Tahvil Yatırımının Riskleri
Tahvil yatırımı için birincil risk, yatırımınızın değer kaybetmesidir. İhraç eden bir varlık temerrüde düşerse, yatırımınızın bir kısmını veya tamamını kaybedebilirsiniz. Tahvil sahiplerinin şirket varlıkları üzerinde hissedarlardan daha yüksek bir talebi olsa da, bir şirketin iflas ilan etmesinden sonra tahvilin tam değerini alma olasılığı düşüktür, çünkü öncelikle kredilerini, ipoteklerini ve diğer borçlarını ödemek zorundadır.
Artan faiz oranları ikincil piyasada değersiz hale gelirse tahviliniz de değer kaybedebilir.
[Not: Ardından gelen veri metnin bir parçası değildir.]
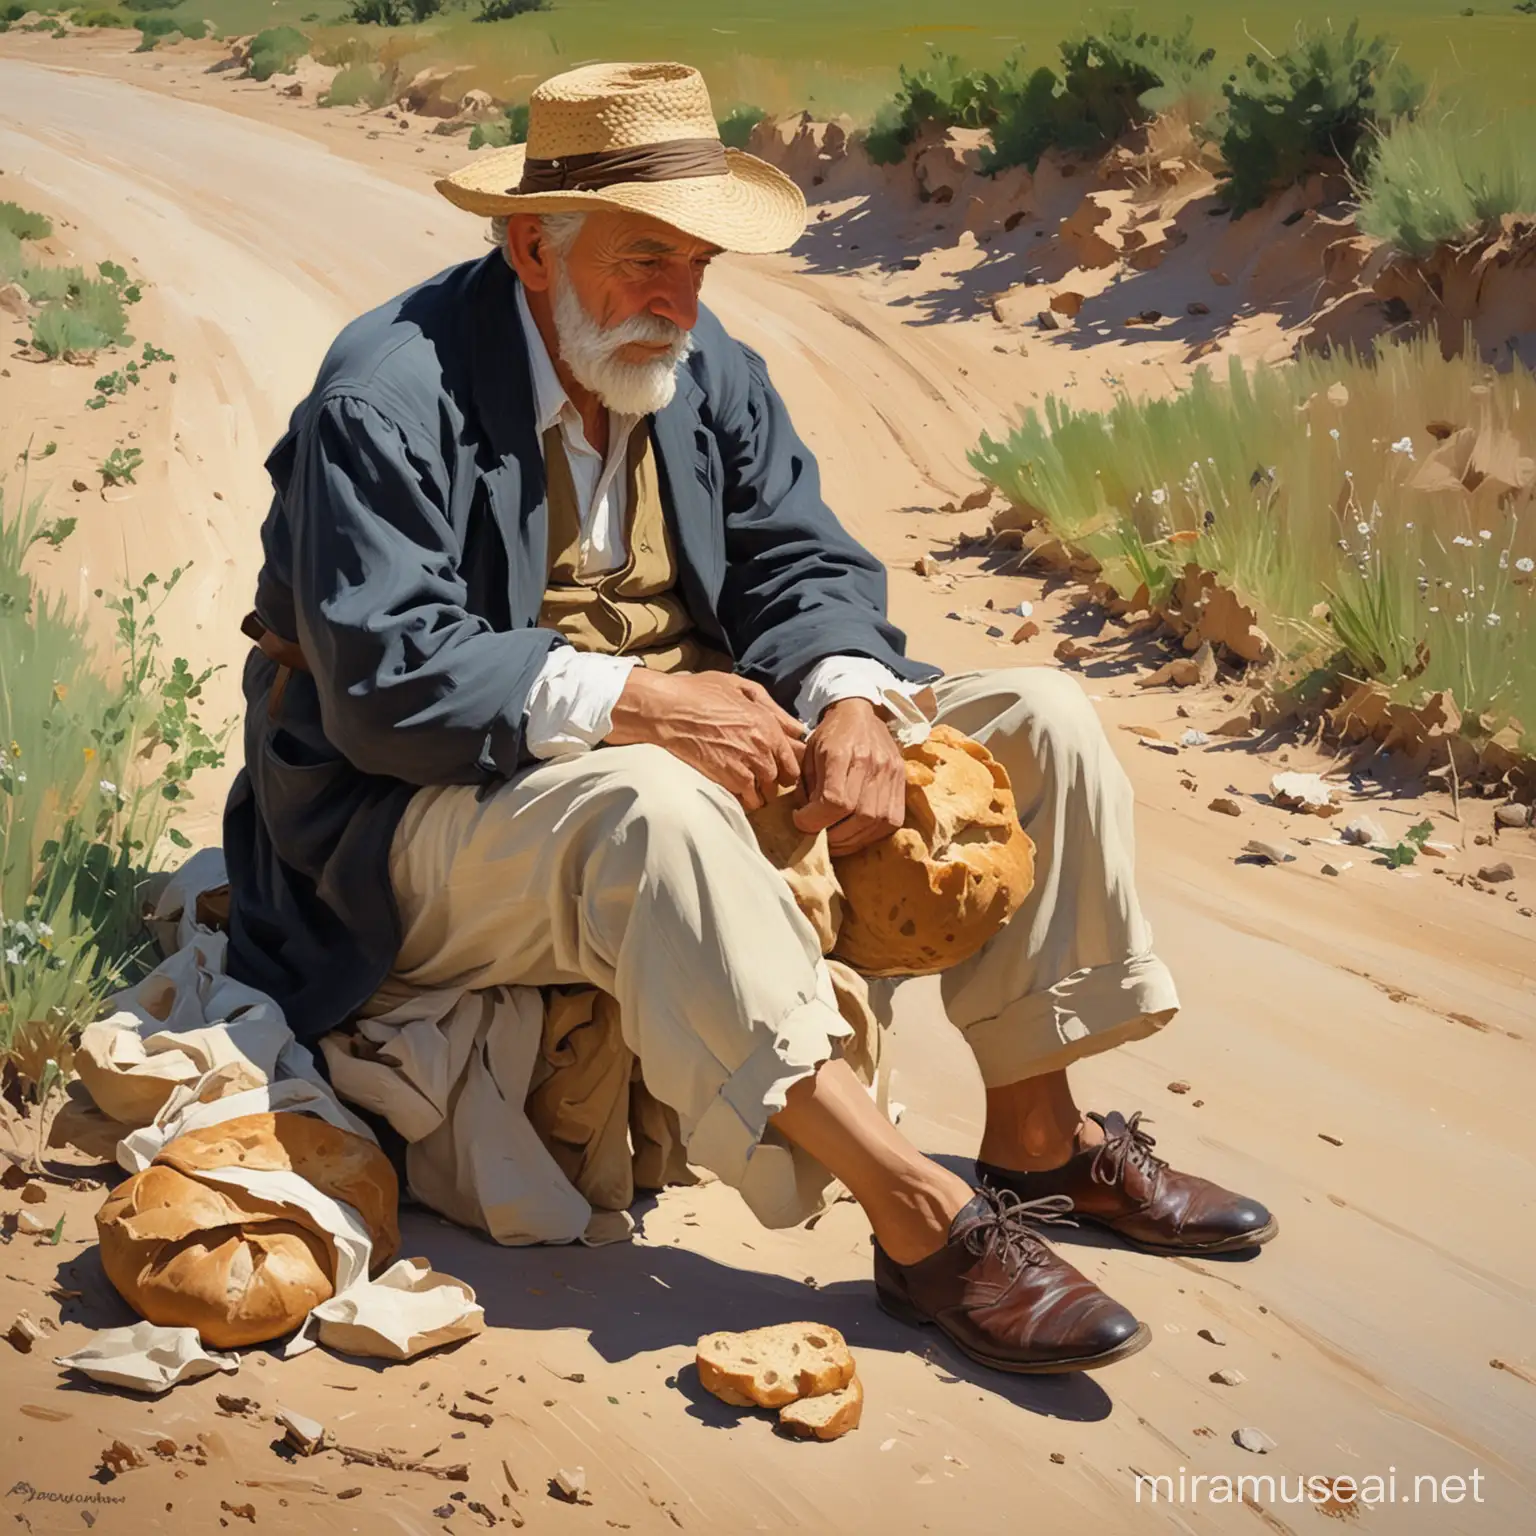 картина в стиле Хоакин Соролья, эпическая старик и мальчик , у дороге в поле, сидят, устали,в руках хлеб и крушка с водой, босой ,бадинки рядом

Daha yüksek kupon oranları ile yeni tahviller çıkarılırsa, tahvilin piyasa değeri düşer. Ancak, bu sadece tahvilini vadeden önce takas etmek istiyorsanız endişe vericidir. Tahvilini vadeye kadar elinde tutarsanız, cari piyasa fiyatından bağımsız olarak nominal değeri size ödenir.
Paranızı çek veya tasarruf hesabında tutmanın aksine, tahvillere yapılan herhangi bir yatırım sigortasızdır. Tıpkı hisse senetleri veya yatırım fonları gibi, bono satın alırken gönüllü olarak belirli bir risk alırsınız. Bu nedenle FDIC bu yatırımları garanti etmez. Tahvil yatırımlarından para kaybederseniz, kayıplarınızı telafi etmenin bir yolu yoktur. Ancak, yüksek oranlı tahvillere yatırım yaparak ve vadeye kadar onları tutarak bu riski büyük ölçüde azaltabilirsiniz.